Available data:
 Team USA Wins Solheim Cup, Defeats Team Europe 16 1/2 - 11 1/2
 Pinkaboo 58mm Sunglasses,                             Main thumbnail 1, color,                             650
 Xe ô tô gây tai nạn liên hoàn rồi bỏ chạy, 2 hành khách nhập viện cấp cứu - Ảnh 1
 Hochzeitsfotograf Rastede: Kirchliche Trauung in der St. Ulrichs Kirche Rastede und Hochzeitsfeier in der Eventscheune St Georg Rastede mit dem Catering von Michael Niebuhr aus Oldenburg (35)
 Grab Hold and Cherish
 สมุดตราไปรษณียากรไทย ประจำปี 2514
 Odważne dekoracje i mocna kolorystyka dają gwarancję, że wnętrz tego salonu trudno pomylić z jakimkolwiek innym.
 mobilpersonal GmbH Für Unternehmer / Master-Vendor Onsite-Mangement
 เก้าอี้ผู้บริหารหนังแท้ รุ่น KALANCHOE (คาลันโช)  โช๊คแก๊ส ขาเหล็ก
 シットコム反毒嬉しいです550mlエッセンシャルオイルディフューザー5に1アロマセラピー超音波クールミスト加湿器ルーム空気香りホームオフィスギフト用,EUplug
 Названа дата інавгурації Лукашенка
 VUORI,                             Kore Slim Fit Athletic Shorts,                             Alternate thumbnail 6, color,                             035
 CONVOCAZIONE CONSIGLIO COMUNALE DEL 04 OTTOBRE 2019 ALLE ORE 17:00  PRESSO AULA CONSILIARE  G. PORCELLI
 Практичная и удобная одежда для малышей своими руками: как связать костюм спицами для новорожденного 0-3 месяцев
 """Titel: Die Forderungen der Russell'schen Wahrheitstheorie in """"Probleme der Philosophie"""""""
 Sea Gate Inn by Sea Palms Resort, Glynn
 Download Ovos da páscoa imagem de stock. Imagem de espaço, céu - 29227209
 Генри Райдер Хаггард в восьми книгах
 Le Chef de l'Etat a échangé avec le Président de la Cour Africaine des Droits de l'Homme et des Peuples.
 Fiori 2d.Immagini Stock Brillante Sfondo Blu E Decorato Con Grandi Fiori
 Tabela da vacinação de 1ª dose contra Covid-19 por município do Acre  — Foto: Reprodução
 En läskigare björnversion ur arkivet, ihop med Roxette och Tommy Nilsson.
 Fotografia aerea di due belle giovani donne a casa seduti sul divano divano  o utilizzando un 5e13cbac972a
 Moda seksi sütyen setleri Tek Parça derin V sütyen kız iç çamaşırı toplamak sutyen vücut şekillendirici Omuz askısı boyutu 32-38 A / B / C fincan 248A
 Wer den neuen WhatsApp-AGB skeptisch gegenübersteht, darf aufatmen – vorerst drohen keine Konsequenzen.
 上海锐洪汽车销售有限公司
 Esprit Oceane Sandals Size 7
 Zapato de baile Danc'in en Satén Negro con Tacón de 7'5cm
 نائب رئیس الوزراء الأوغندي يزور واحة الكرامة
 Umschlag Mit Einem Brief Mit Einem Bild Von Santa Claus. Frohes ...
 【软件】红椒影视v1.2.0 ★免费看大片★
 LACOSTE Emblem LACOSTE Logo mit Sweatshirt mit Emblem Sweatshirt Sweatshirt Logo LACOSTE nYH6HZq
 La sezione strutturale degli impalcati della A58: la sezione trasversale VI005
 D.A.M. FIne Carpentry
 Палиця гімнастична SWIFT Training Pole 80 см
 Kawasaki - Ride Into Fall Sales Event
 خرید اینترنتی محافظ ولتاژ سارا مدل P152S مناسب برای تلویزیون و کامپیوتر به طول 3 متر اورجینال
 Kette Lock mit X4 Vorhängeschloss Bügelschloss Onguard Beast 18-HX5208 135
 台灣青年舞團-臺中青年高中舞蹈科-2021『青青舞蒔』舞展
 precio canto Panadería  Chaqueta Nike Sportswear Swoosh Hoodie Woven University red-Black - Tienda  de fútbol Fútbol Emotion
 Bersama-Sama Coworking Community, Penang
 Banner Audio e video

Task prompt: Look through the entries and find each line that has the string "color". Copy those lines.

Task output:
 Pinkaboo 58mm Sunglasses,                             Main thumbnail 1, color,                             650
 VUORI,                             Kore Slim Fit Athletic Shorts,                             Alternate thumbnail 6, color,                             035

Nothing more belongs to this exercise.